Она в том коротком чудесном возрасте перехода от девушки к молодой женщине. Щедрый, но все еще трепетный расцвет.
Глаза большие, ярко-синие, с дымкой. Два упругих белых парашюта впереди, того гляди на волю вырвутся. Губы полные, красные, с пурпурным отливом. Как будто чуть опаленные. И жар идет – изнутри.
– Герр Цхай!
– Угу.
Взлетели махаонами длинные ресницы, перехватила мой взгляд, чуть скривила полные губки, немного нервно и даже раздраженно поправила густые темно-русые волосы.
Ах, как жаль, что она полицейский. И где таких выращивают?
– Заполните бумаги.
– Видите ли, я не очень хорошо знаю немецкий язык, а вам же нужно без ошибок…

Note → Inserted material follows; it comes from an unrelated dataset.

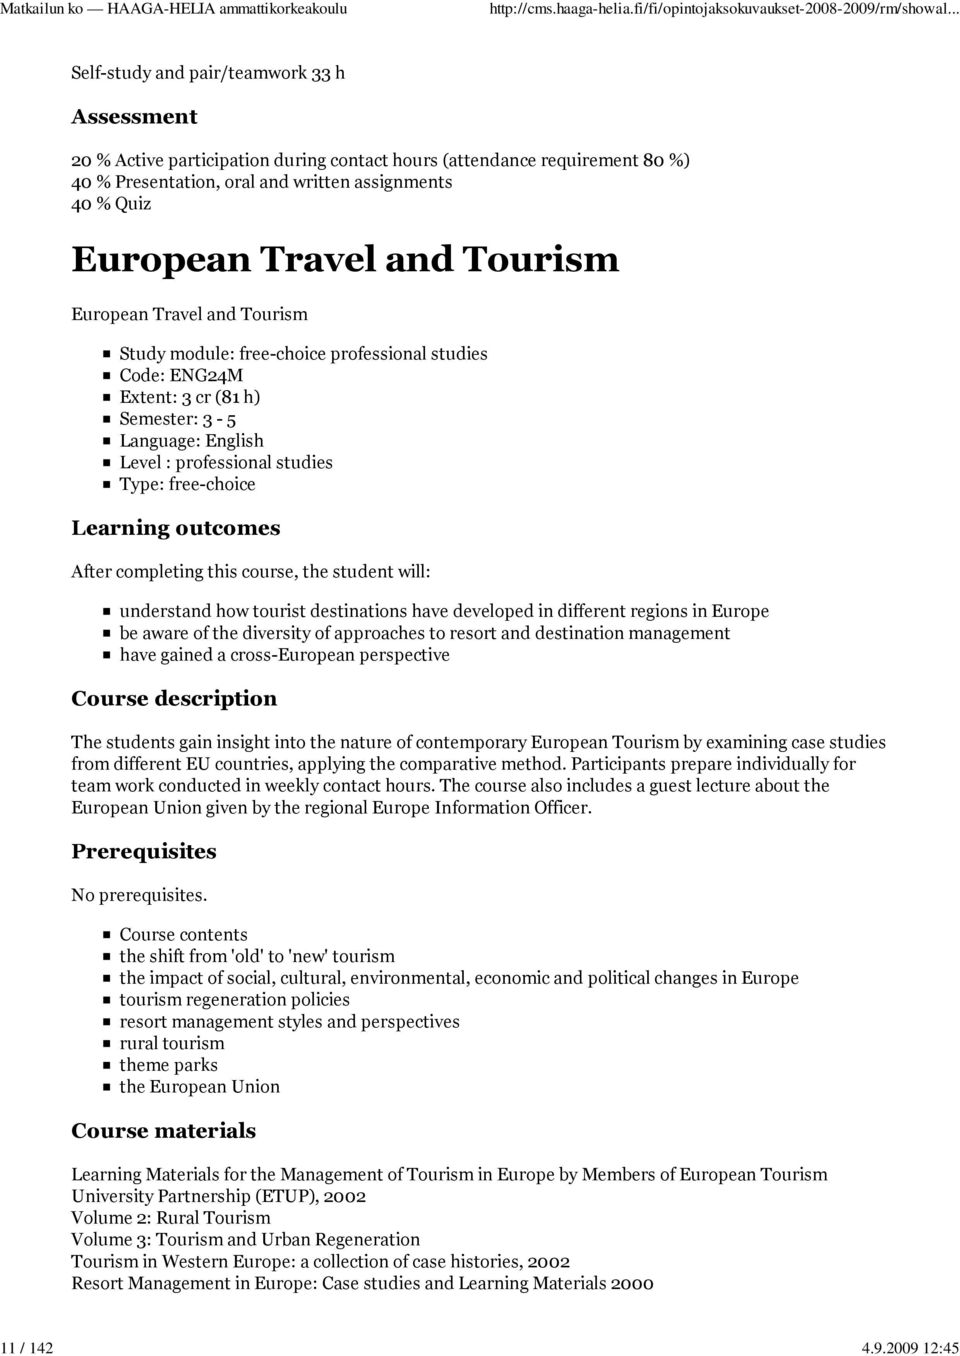 Travel and Tourism European Travel and Tourism Study module: free-choice professional studies Code: ENG24M Extent: 3 cr (81 h) Semester: 3-5 Language: English Level : professional studies Type: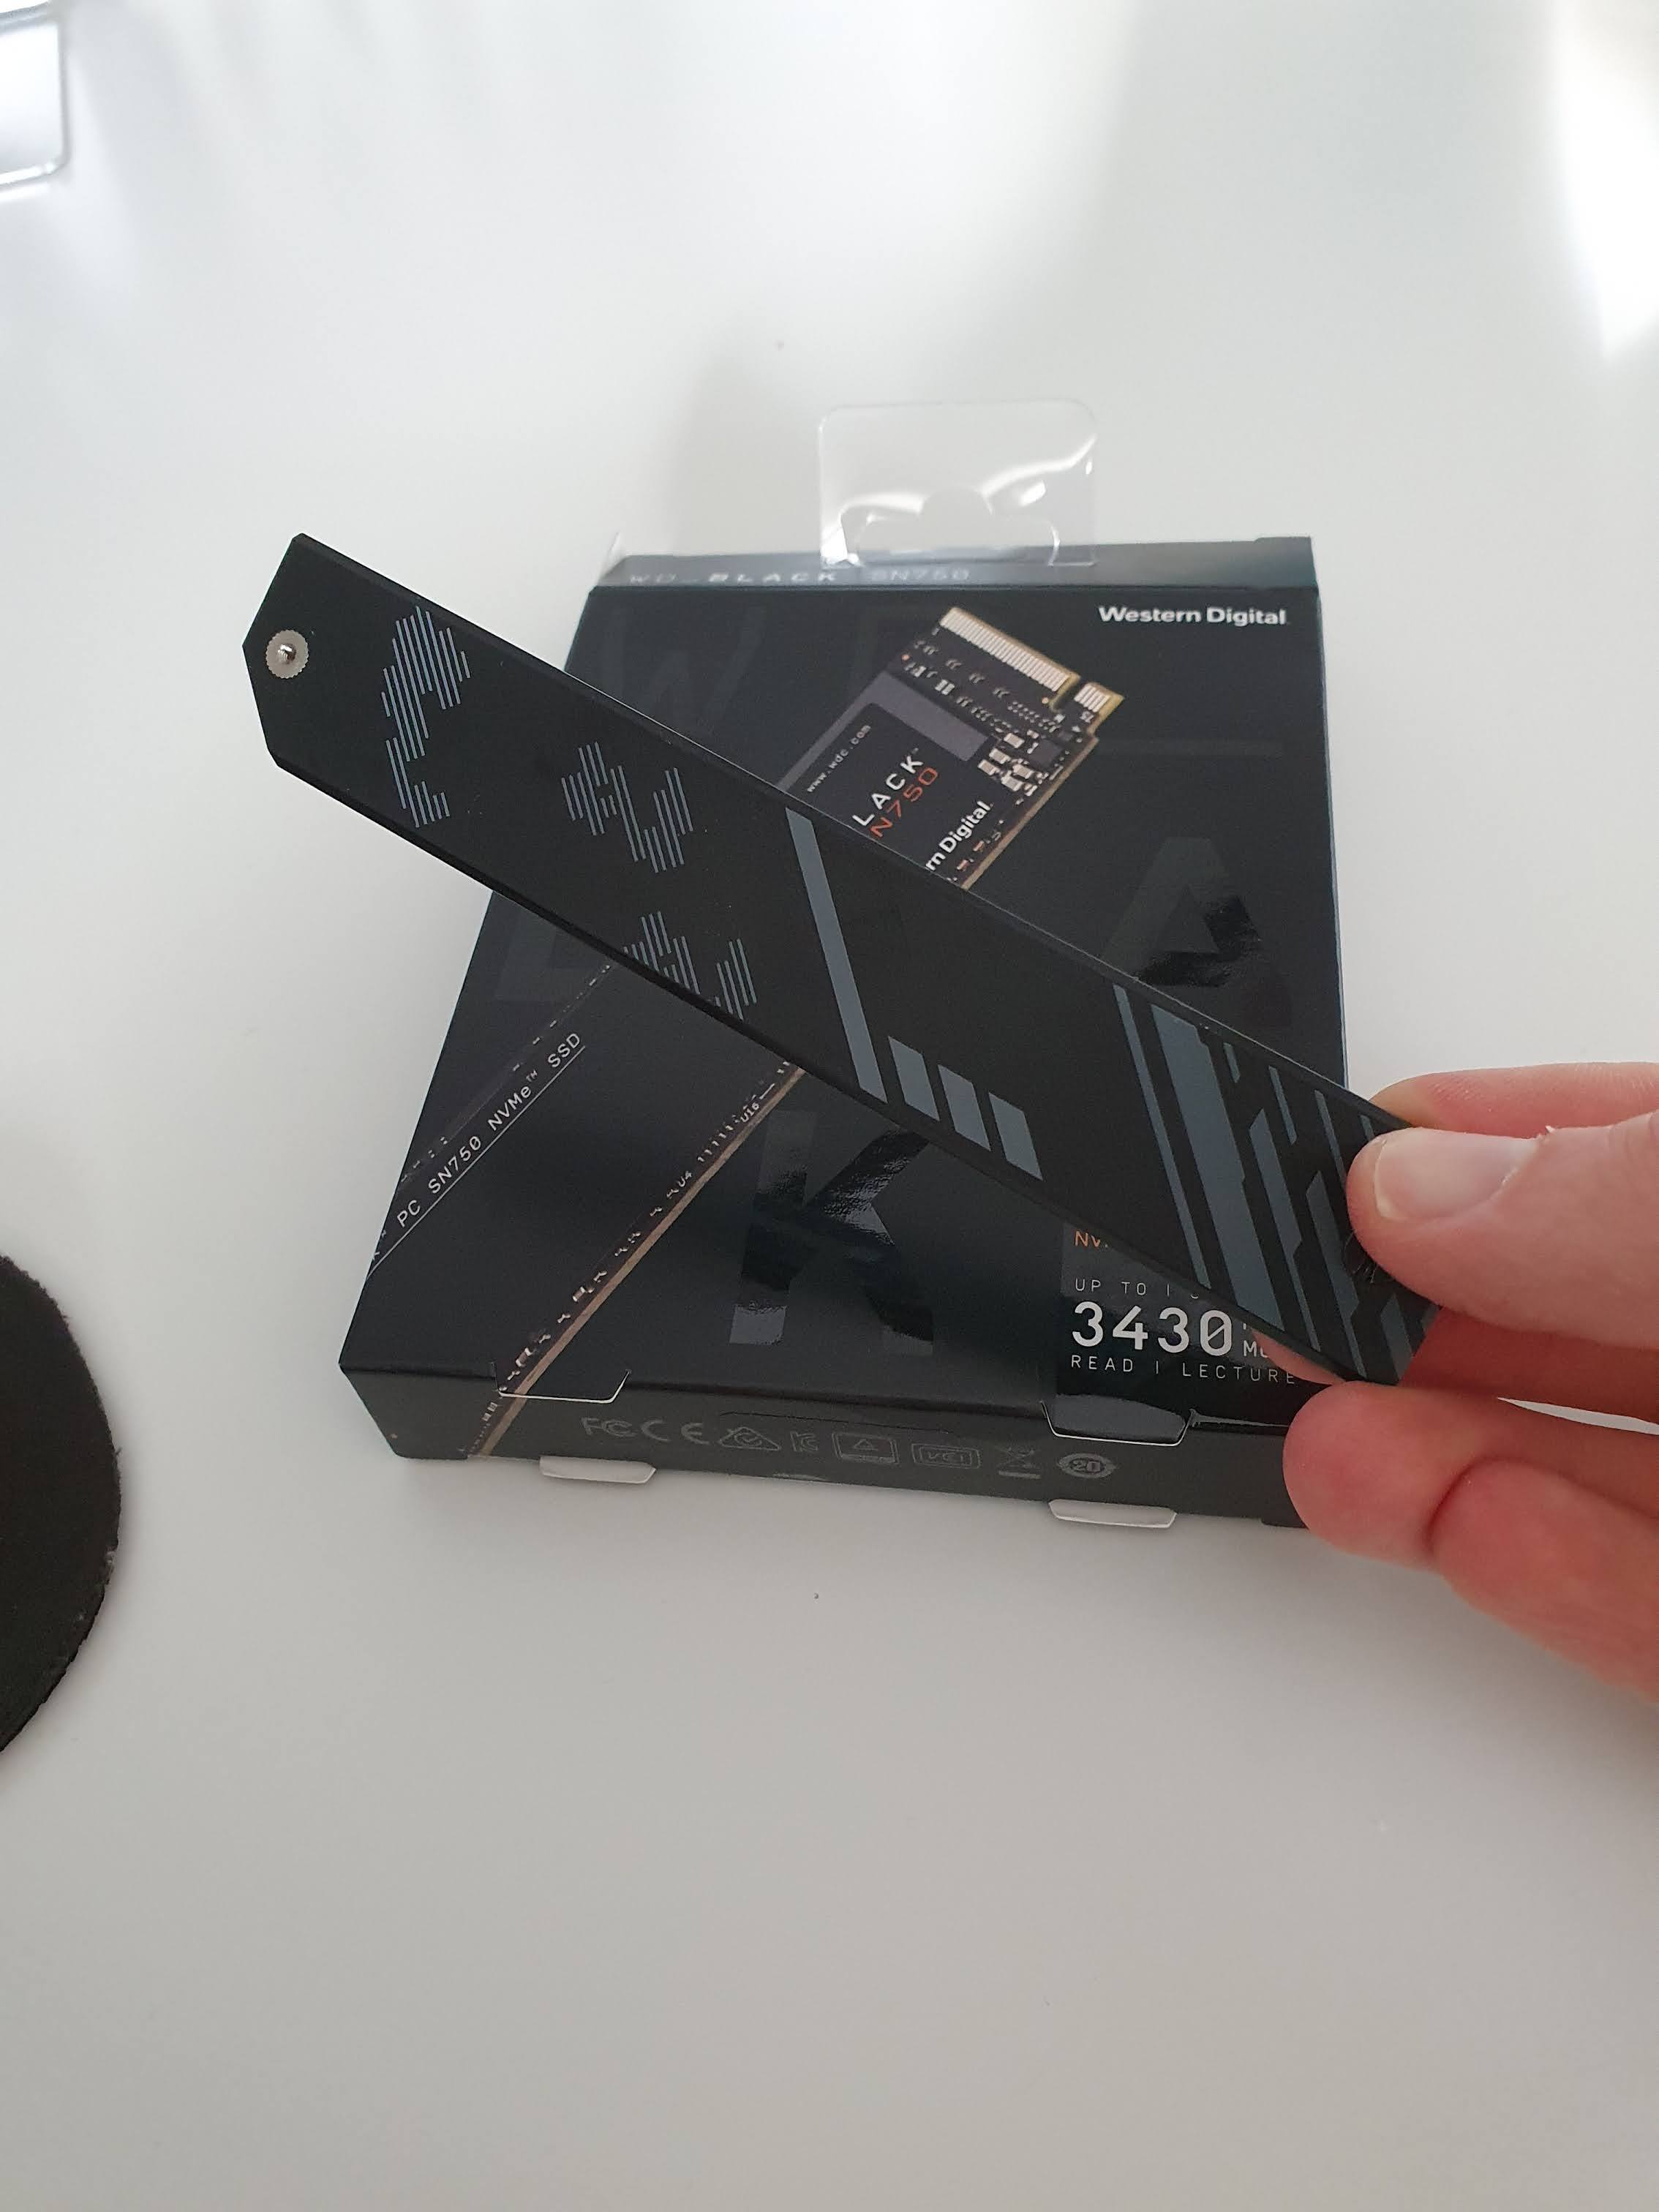 Nvme Ssd Do I Need To Take The Sticker Off Before Applying The Heatsink Storage Devices Linus Tech Tips

Вру, конечно. Лень просто. И прикольно.
Забирает у меня формуляр.
– Имя.
– Максим.
«А ваше?»
– Род занятий.
– Безработный второй месяц. Бывший начальник охраны танцхауса «Ангар».
– В Кобленце?
– Где же еще?!
– Отвечайте по существу. Хобби?
«Это-то зачем?!» Немецкая бюрократия абсурдна до смешного.
– Хобби имеете?
– Пить и курить!
Хмурится, две размашистые густые линии на ее чистом, лишь чуть великоватом лбу сходятся в одну.
Ставит прочерк.
– Привлекались уже?
– Четыре заявления на меня было. До суда не дошло ни одно.
– Вижу уже. Так, в позапрошлом году сняли с человека золотую цепочку…
– Простите, не снял, а порвал! Дело миром кончилось. К тому же он сам начал.
– Здесь все зафиксировано.
– Да кто бы сомневался!
– Вы в полиции, ведите себя подобающе. Образование?
– Учитель музыки.
– Прекратите паясничать, наконец!
– Тогда социальный педагог.
– Ситуация становится невыносимой!
– Простите, мне за дипломами съездить?
– Вы что, окончили университет?
– Да.
– Почему же тогда работали тюрштеером?[1]
– А что, нельзя?
– Ваши дипломы не были признаны в Германии?
– Это долгая история. Давайте так, я вам все расскажу, а вы мне дадите свой номер телефона.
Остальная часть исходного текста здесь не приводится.